December 31, 2015 | Written by: Jeffrey O'Brien
Categorized: Watson APIs
Share this post:
For us humans, there are well-documented benefits to learning more than one language. Exposure to a second or third dialect, especially at a young age, increases a brain’s neuroplasticity, which can improve creativity and academic performance. Bilingual children also often demonstrate a greater ability to perform complex tasks and to subsequently pick up other languages. From a purely unscientific point of view, polyglots also grow up to be some of the most interesting guests at cocktail parties.
For IBM Watson, the reasons to learn languages other than English – the cognitive computing system’s native tongue, if you will – are even more pronounced. Simply put, if Watson is to achieve the greatest possible impact in the world, it must understand as much as possible. Which means it needs to expand its repertoire beyond English fluency. “We believe people who speak many different languages want to use Watson—and most people on the planet do not have English as their native language,” says Michael Karasick, head of innovations for IBM’s Watson team.

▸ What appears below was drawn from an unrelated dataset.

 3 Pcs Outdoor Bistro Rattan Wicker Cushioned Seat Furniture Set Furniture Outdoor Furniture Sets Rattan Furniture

Since being introduced via Jeopardy in 2011, Watson has been rapidly boning up on Spanish and Portuguese. Now it’s tackling what many consider to be the single most difficult language to learn, Japanese.

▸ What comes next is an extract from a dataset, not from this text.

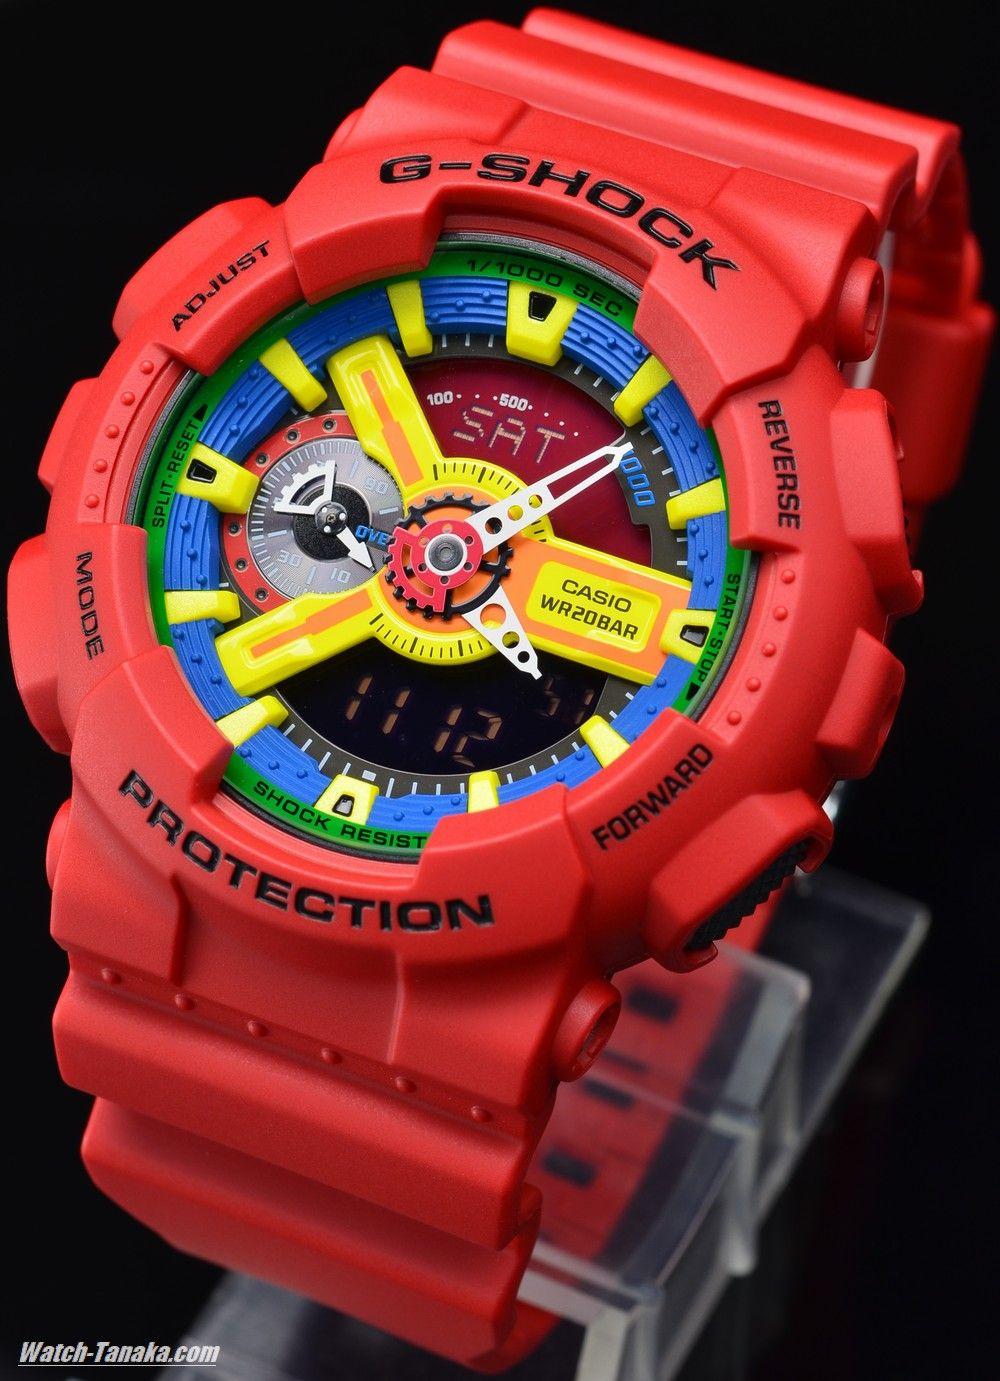 CASIO G-SHOCK Crazy Colors GA-110FC-1AJF クレイジーカラーズ  bea0140fef

Watson has generated significant interest in Japan. In the year since the Watson Group was founded, Japanese researchers, clients and prospects have all been talking excitedly about potential applications in everything from robotics and elder care to education and wealth management. “It shouldn’t be surprising, really. Artificial Intelligence, humanoid robots, facial recognition—all of these things have a long and rich history in Japan,” says Karasick. “That type of curiosity and knack for exploration make us think there’s real business for Watson in Japan.”
Tapping the obvious interest is no easy task, however. The Foreign Service Institute classifies Japanese as “exceptionally difficult” for native English speakers to learn partly because of its reliance on a complex diagrammatical alphabet, known as kanji. But even without the intimidating characters, the rules of discourse seem opaque. “There is a certain level of indirection when people speak Japanese. English is more literal while Japanese is more subtle,” says Salim Roukos, who runs the multilingual natural processing group that’s tasked with teaching Watson new languages. “With Japanese, there’s a certain politeness that adds to the complexity. And there are many different ways of expressing the same idea.”
The written language doesn’t use spaces between characters, making it more difficult to know where a word begins and ends. Japanese also contains countless idioms, where the literal translation of a phrase (a la, “kick the bucket” in English) doesn’t apply. And unlike in many languages, the context of a Japanese sentence often exists somewhere else in the conversation.
Luckily, Watson comes to this challenge armed with a tool that we humans do not possess, namely a solid state memory, which is a huge plus when it comes to the type of pattern recognition necessary when learning a language. “Watson is like having a research assistant who never forgets,” says Karasick. “Watson can find the signal in an enormous amount of noise.”
Watson’s learning method starts with the consumption of copious amounts of data. In cancer research, that means reading stacks of scientific papers. With cooking, it’s digesting recipes. Whereas learning languages begins with absorbing the meaning of words and phrases and the rules of sentence construction. Roukos and his team feed Watson annotated sentences in a parsing exercise known as syntactic sentence diagramming. “Quantity matters,” says Roukos. “Quantity leads to quality.”
With Japanese, non-native speakers often begin learning the spoken language to avoid the kanji, but speech recognition adds another layer of complexity for a computer, and so Watson starts by reading. The cognitive system consumes roughly 10,000 sentences and deconstructs them in the form of diagrams that indicate syntax and semantic structure. Researchers and Japanese speakers then review the diagrams, fix the errors, and feed corrections back into the system so Watson can learn from its mistakes.
The subsequent batches typically require only a single pass and upon completion of the full set, Watson possesses a so-called “Treebank,” or corpus, of about 1 million words. But that’s really only the end of the beginning. “It’s a fairly lengthy process going from syntactic sentence diagramming to understanding to answering questions,” says Karasick. So while Watson climbs the Japanese learning curve more quickly in the beginning, it’s much slower than humans when it comes to knowing and applying the logic beneath the language.
The fact that humans and Watson are good at different things makes them good partners. The more languages Watson understands, the greater its utility will be in various endeavors and disciplines. “Chemistry is chemistry. Medicine is medicine. There are variations in these fields that are cultural, but the domains are the domains,” says Karasick. “The more languages Watson knows, the more it can help practitioners in those fields.”
Watson and humans do have one thing in common when it comes to learning languages—and it’s something that Roukos knows first-hand. He speaks English, Arabic, and French fluently, as well as “some Armenian.” His proficiency with languages greatly improves his ability to quickly grasp the context and meaning in unfamiliar languages. And the same, he says, is true of Watson. The more languages it learns, the better and faster it becomes at mastering new languages.
Which means it’s only a matter of time before Watson also conquers the cocktail party.